Cualquiera que eche un vistazo a los datos aparecidos sobre abusos sexuales por parte de clérigos -por ejemplo, el demoledor informe del gran jurado de Pensilvania, hecho público este verano- advertirá que tales crímenes fueron de carácter homosexual en más de un ochenta por ciento de los casos, al igual que, en una abrumadora mayoría, las víctimas fueron varones que, aunque menores de edad, habían superado la pubertad. Sólo ese dato serviría para apuntar hacia el acierto prudencial de la citada instrucción, sin entrar a cuantificar con precisión la relación entre homosexualidad y abuso.

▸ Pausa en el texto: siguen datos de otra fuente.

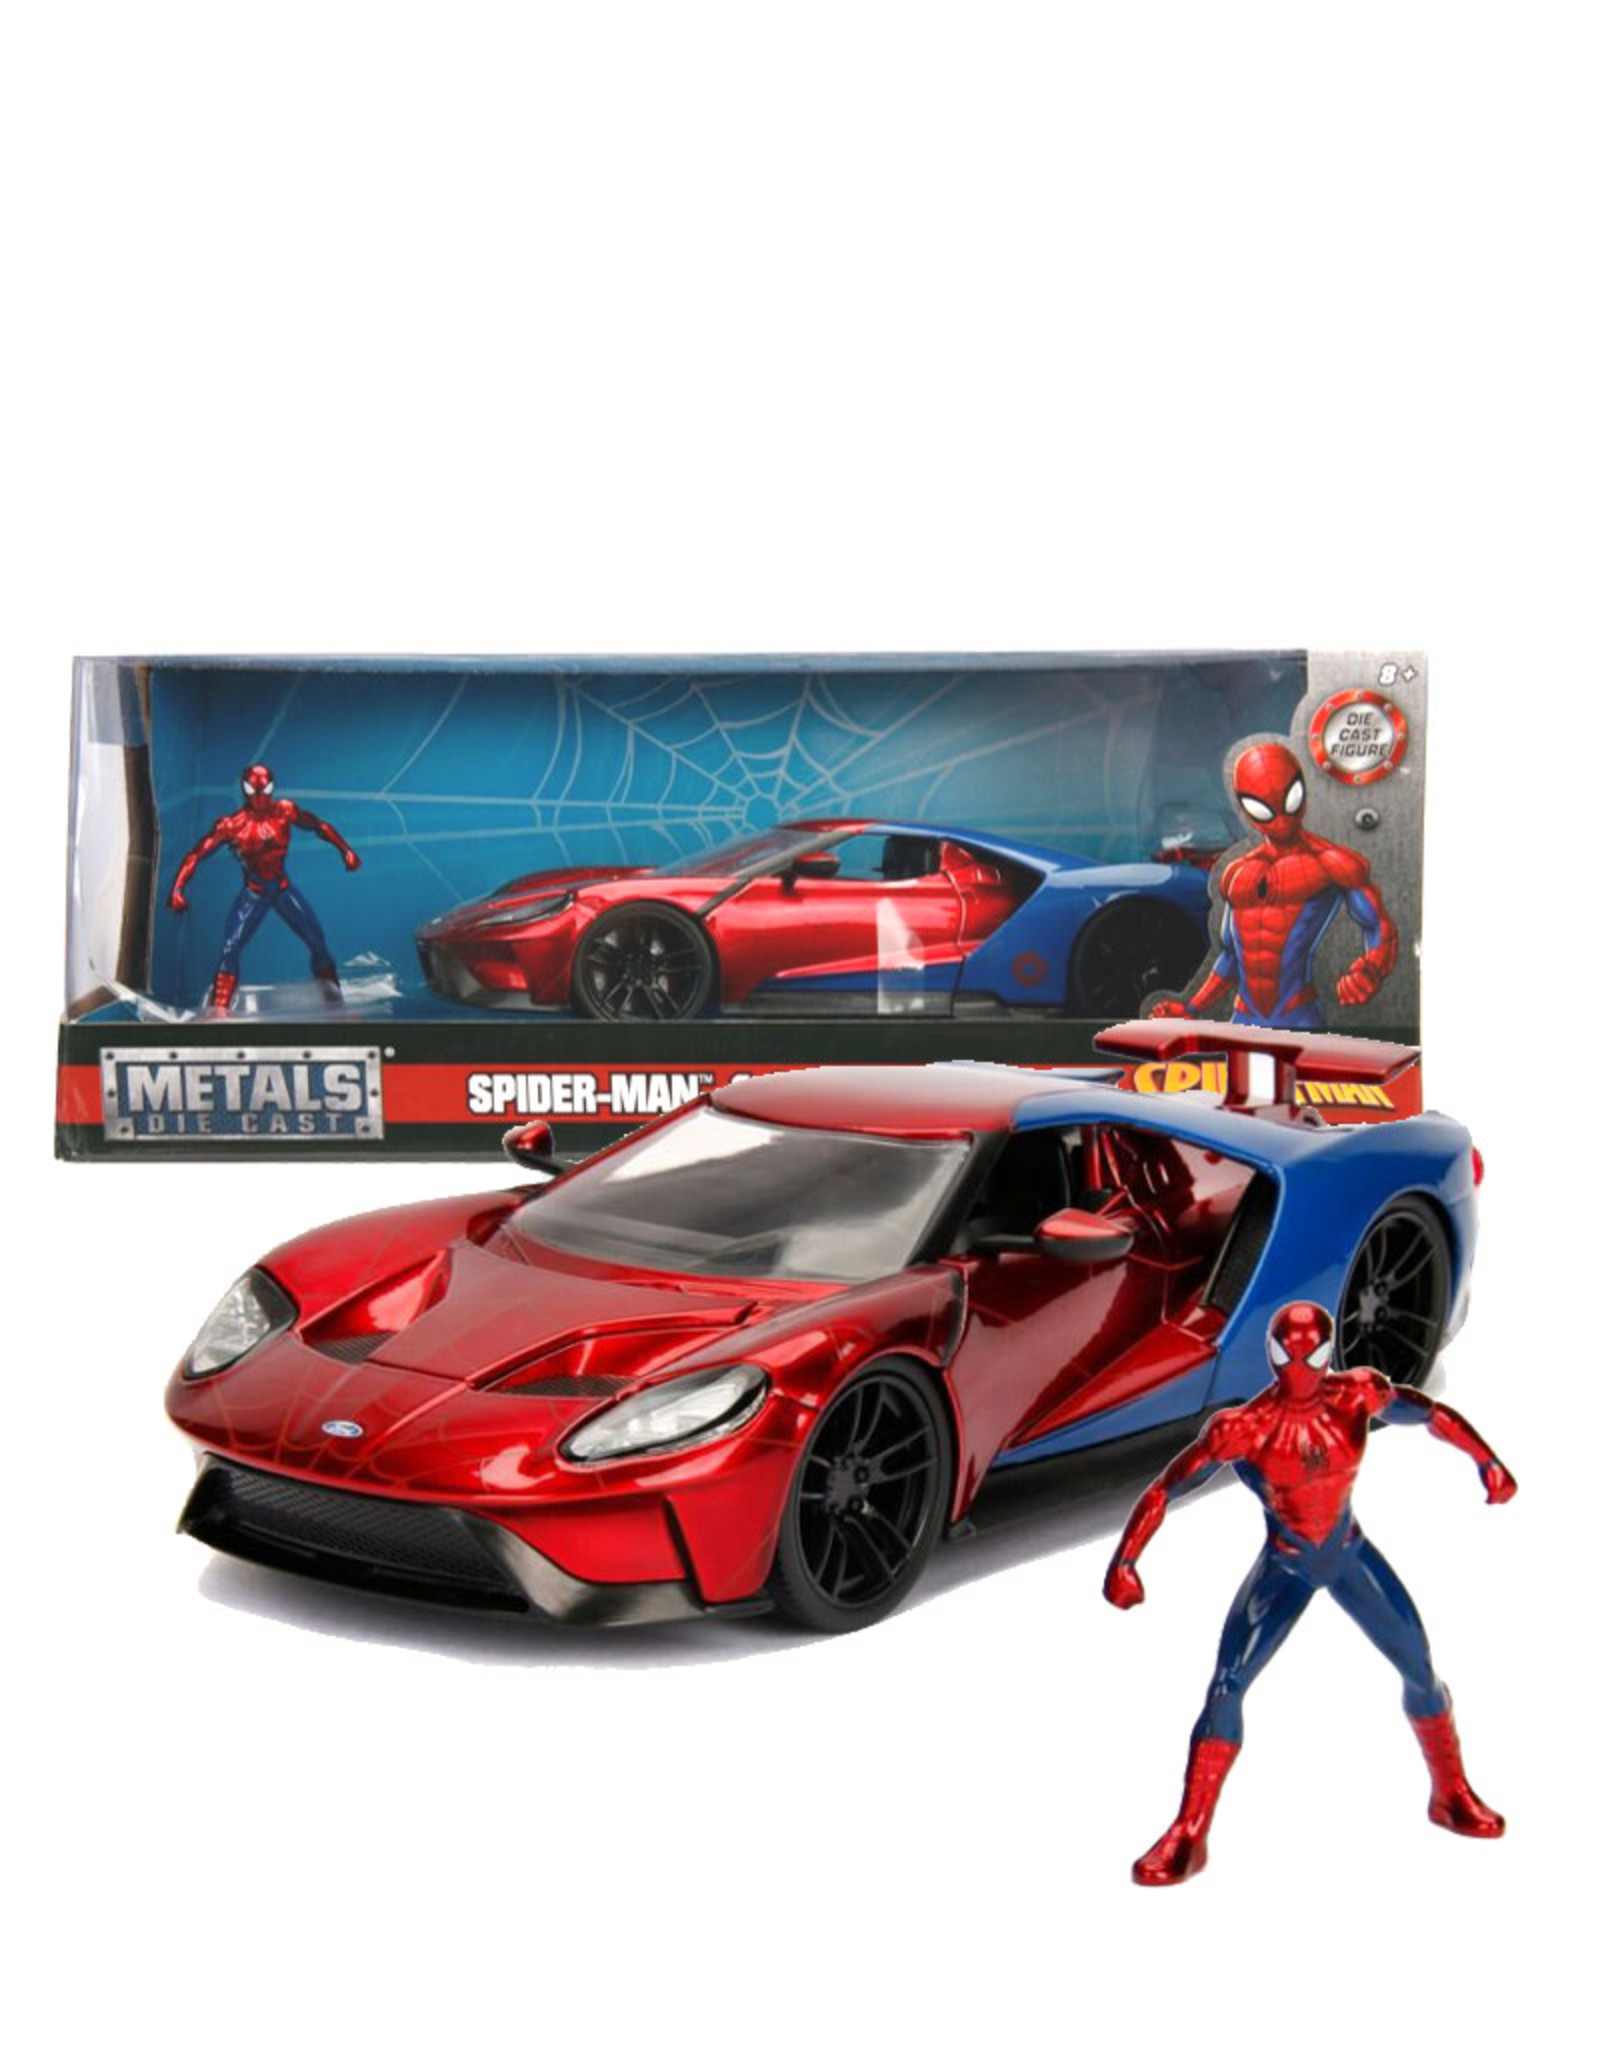 Spider-man ( Voiture de collection en métal 1:24 ) Ford GT

Pero, naturalmente, la razón de actuar así va más allá y tiene profundas bases teológicas y antropológicas, y ése es el ‘pero’ que podríamos poner a la disculpa de Argüello: que en la apresurada disculpa y a pesar de lo profuso de la explicación, evita cuidadosamente pronunciar dos palabras presentes en el Catecismo de la Iglesia Católica que arrojan una extraordinaria luz sobre este particular: “intrínsecamente desordenado”, referidas a la inclinación homosexual.

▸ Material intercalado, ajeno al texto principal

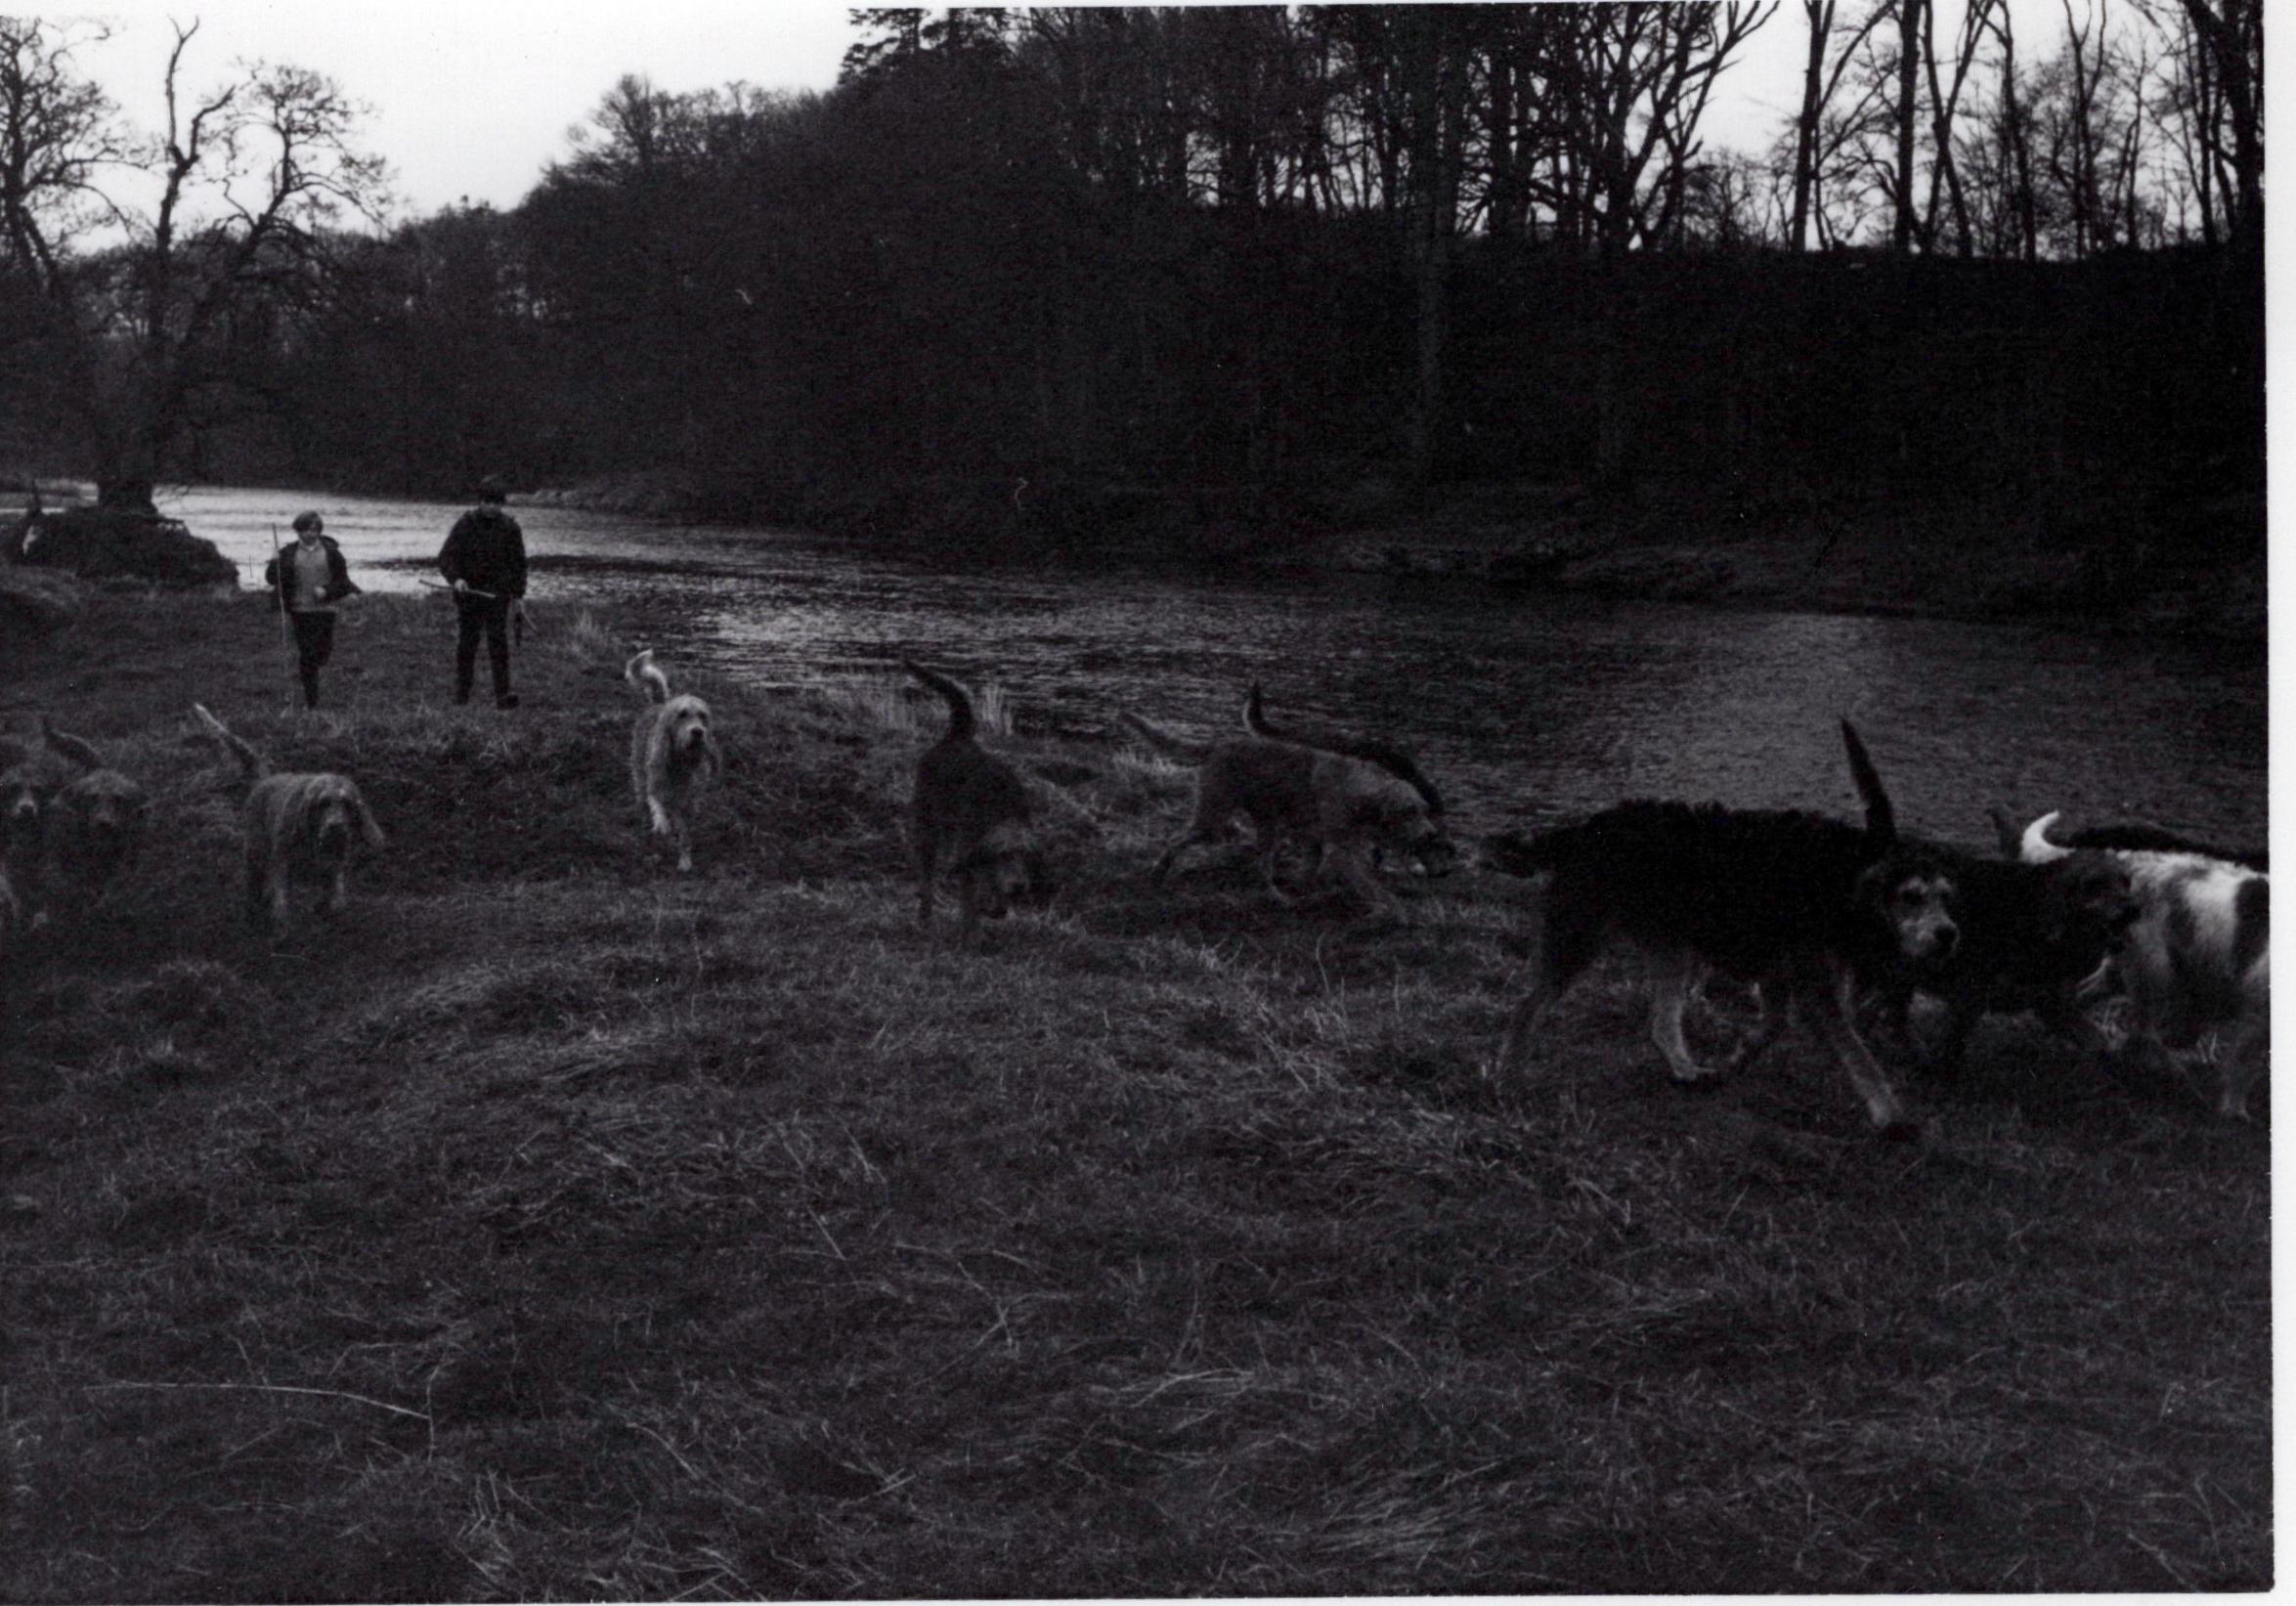 1970_Mei_Otterhound-Schotland_0018_a

No es, nos tememos, cosa de Argüello, ni de la Conferencia Episcopal Española; es un temor que parece extenderse por la jerarquía eclesiástica de toda la Iglesia universal. De hecho, sacerdotes bien considerados por la Curia, como pueda ser el jesuita norteamericano padre James Martin, llevan algún tiempo presionando para que se cambie esa expresión por la de “diferentemente ordenado” que, naturalmente, ofrecería una comprensión completamente diferente de la homosexualidad y cambiaría de un plumazo la concepción antropológica de la sexualidad que mantiene y ha mantenido siempre la Iglesia católica.
Es una verdadera lástima que el prelado español haya desaprovechado esa magnífica oportunidad para aclarar un extremo tan importante, aunque sólo sea porque se trata de un asunto en el que reina la más absoluta confusión, en buena medida por la actitud de los eclesiásticos.

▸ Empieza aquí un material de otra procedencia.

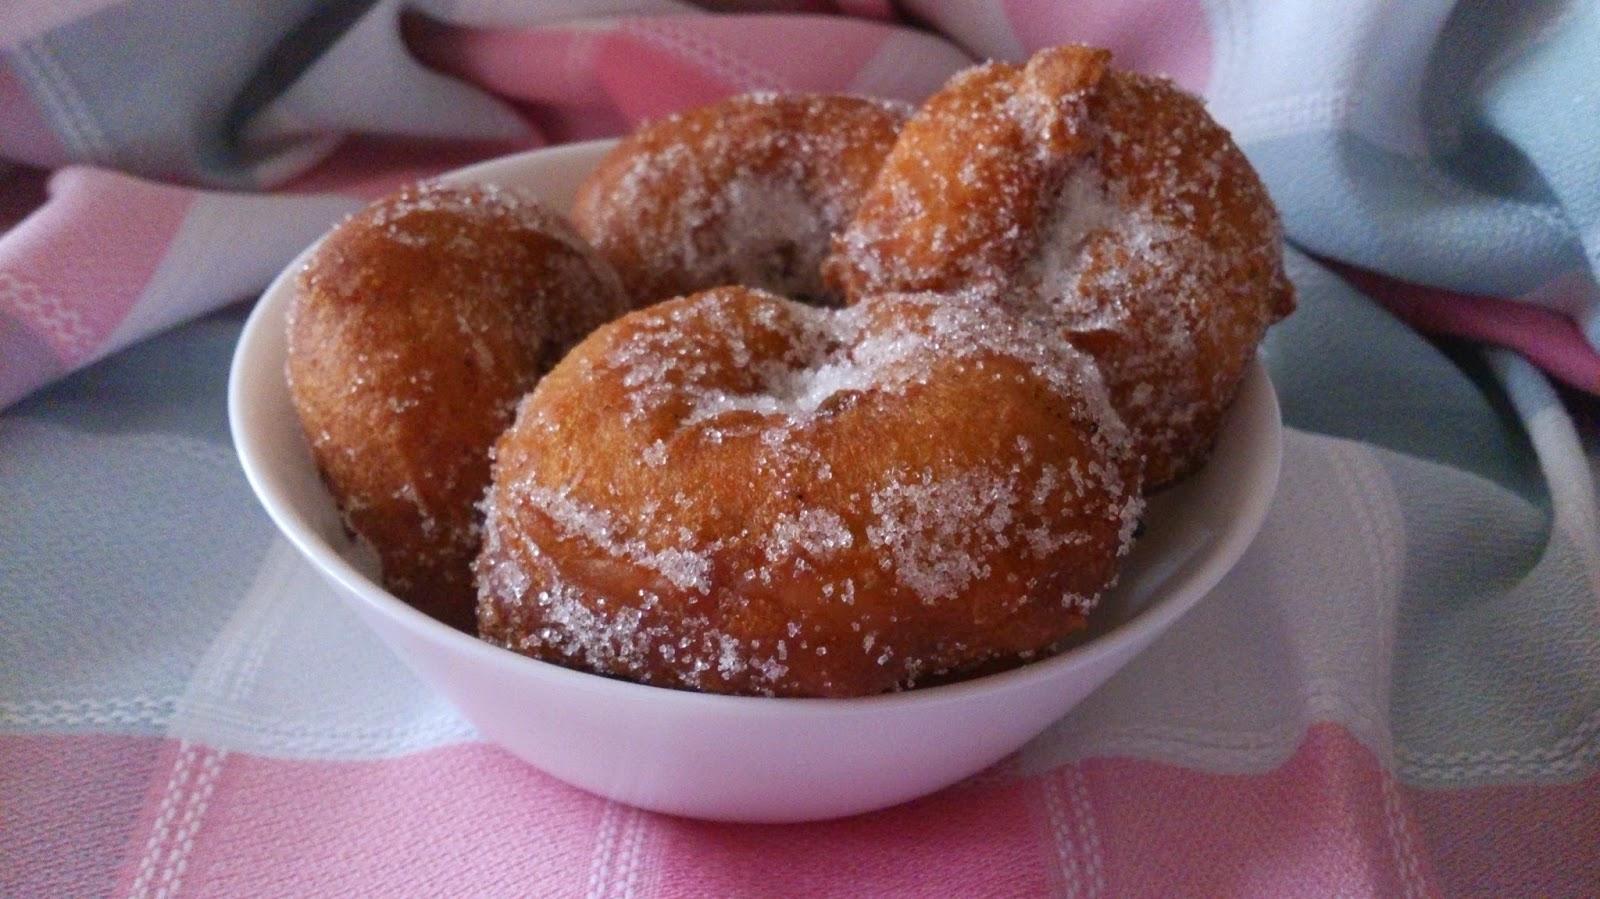 roscos fritos semana santa navidad abuela tradicionales andalucia andaluces

La sensación que dan es la de quienes no creen, realmente, que la homosexualidad sea “intrínsecamente desordenada” pero que les falta valor para pronunciarse claramente, y así nos movemos en una ciénaga de confusión ante actitudes eclesiásticas que apuntan en una dirección que nadie reconoce explícitamente. Algo similar, en suma, a lo que vive buena parte de la Iglesia desde la promulgación, hace medio siglo, de la encíclica Humanae Vitae, cuya prohibición de la contracepción no es recordada ni recomendada por más de un puñado de prelados en todo el mundo pero contra la que ninguno se atreve a predicar abiertamente.
Agradecemos de corazón las disculpas de Argüello y su explicación, aunque en ningún momento pensamos que el secretario general creyera que los homosexuales no son enteramente varones y entendimos de primeras lo que quería decir. Pero nos resulta asombroso que en su casi prolija explicación haya evitado algo tan sencillo como recordar la concepción católica de la homosexualidad que aparece en el propio catecismo.